Она распахнула глаза. Перед ней стояли трое краснолюдов — низкорослые, бородатые, с топорами и дубинами в руках. Во главе был самый крупный, с шрамом через щеку и цепью на шее. Тесак.
Охотники замерли, но лишь на миг. Тот, что с арбалетом, сплюнул:
— Не твоё дело, коротышка. Она наша добыча.
Тесак ухмыльнулся, его глаза блеснули. Он сплюнул в грязь, его борода шевельнулась, как живая, когда он ухмыльнулся.
— Добыча, говоришь? А я вижу только двух дурней, которые полезли не туда.
Он кивнул своим спутникам, и те шагнули вперёд.

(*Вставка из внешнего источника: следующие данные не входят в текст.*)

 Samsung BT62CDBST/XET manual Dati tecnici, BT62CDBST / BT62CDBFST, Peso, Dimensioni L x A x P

Ева отшатнулась к стене, не понимая, что происходит. Тесак бросил на неё быстрый взгляд.
— Хочешь жить, красавица? Давай сюда то ожерелье на твоей шее, и мы разберёмся с этими псами.

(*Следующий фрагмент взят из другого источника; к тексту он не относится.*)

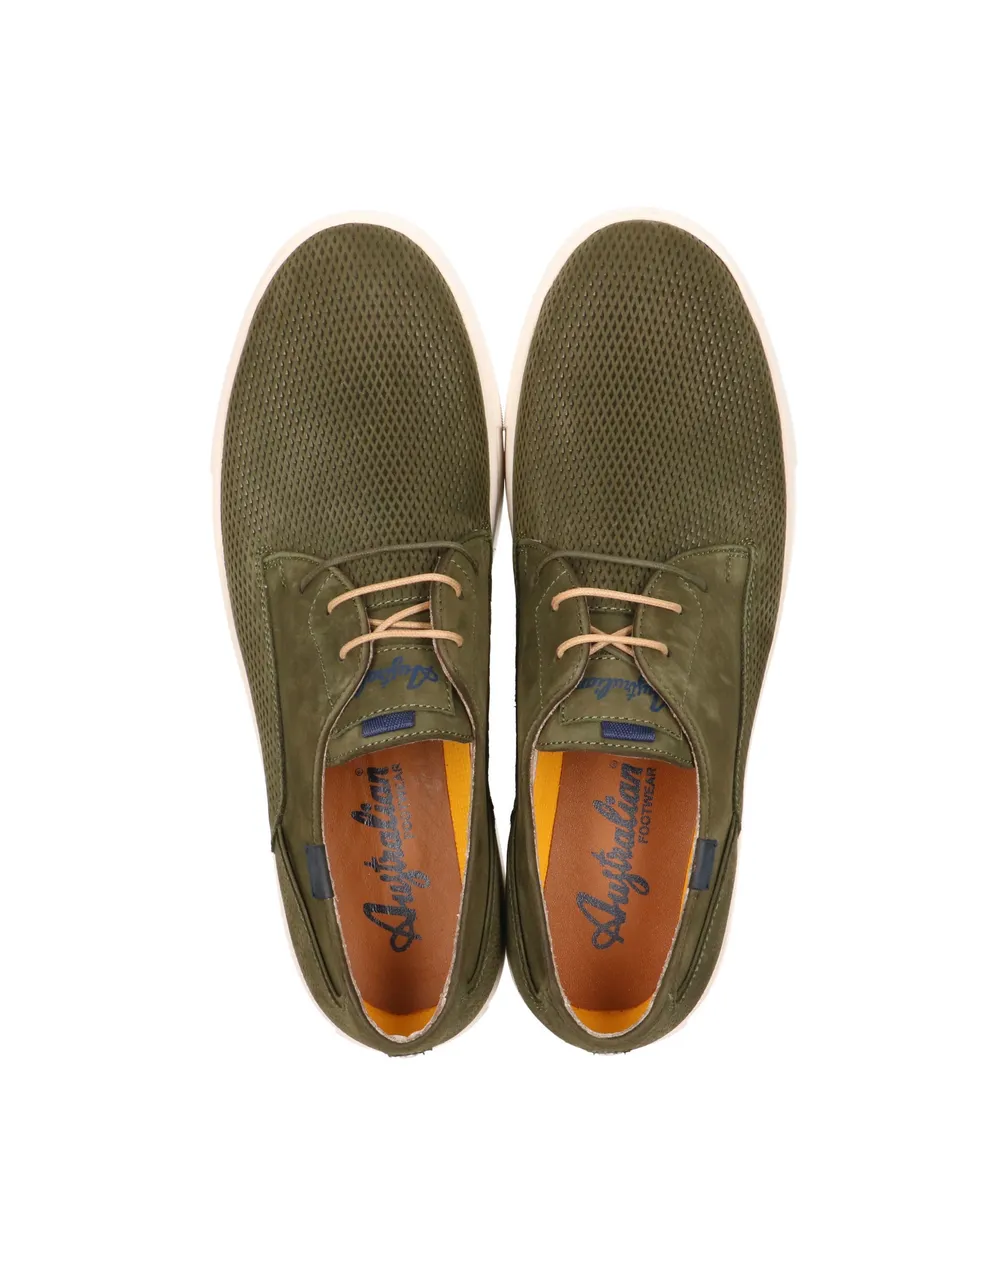 Australian Footwear Morris nubuck green 15.1559.01 eoo

Ева коснулась пальцами драгоценного камня, висящего на цепочке — подарок из другого мира, последнее, что связывало её с прошлым. Но топот охотников приближался, и она сорвала ожерелье, бросив его к ногам Тесака.
— Спаси нас, — выдохнула она.
Тесак подхватил украшение, сунул в карман и оскалился.
— Сделка есть сделка.
Он махнул рукой, и краснолюды бросились вперёд. Бой был коротким и яростным — топоры врезались в плоть, дубины гудели в воздухе. Один охотник упал с пробитой головой, второй попытался бежать, но арбалетный болт Тесака догнал его в спину. Через минуту всё было кончено.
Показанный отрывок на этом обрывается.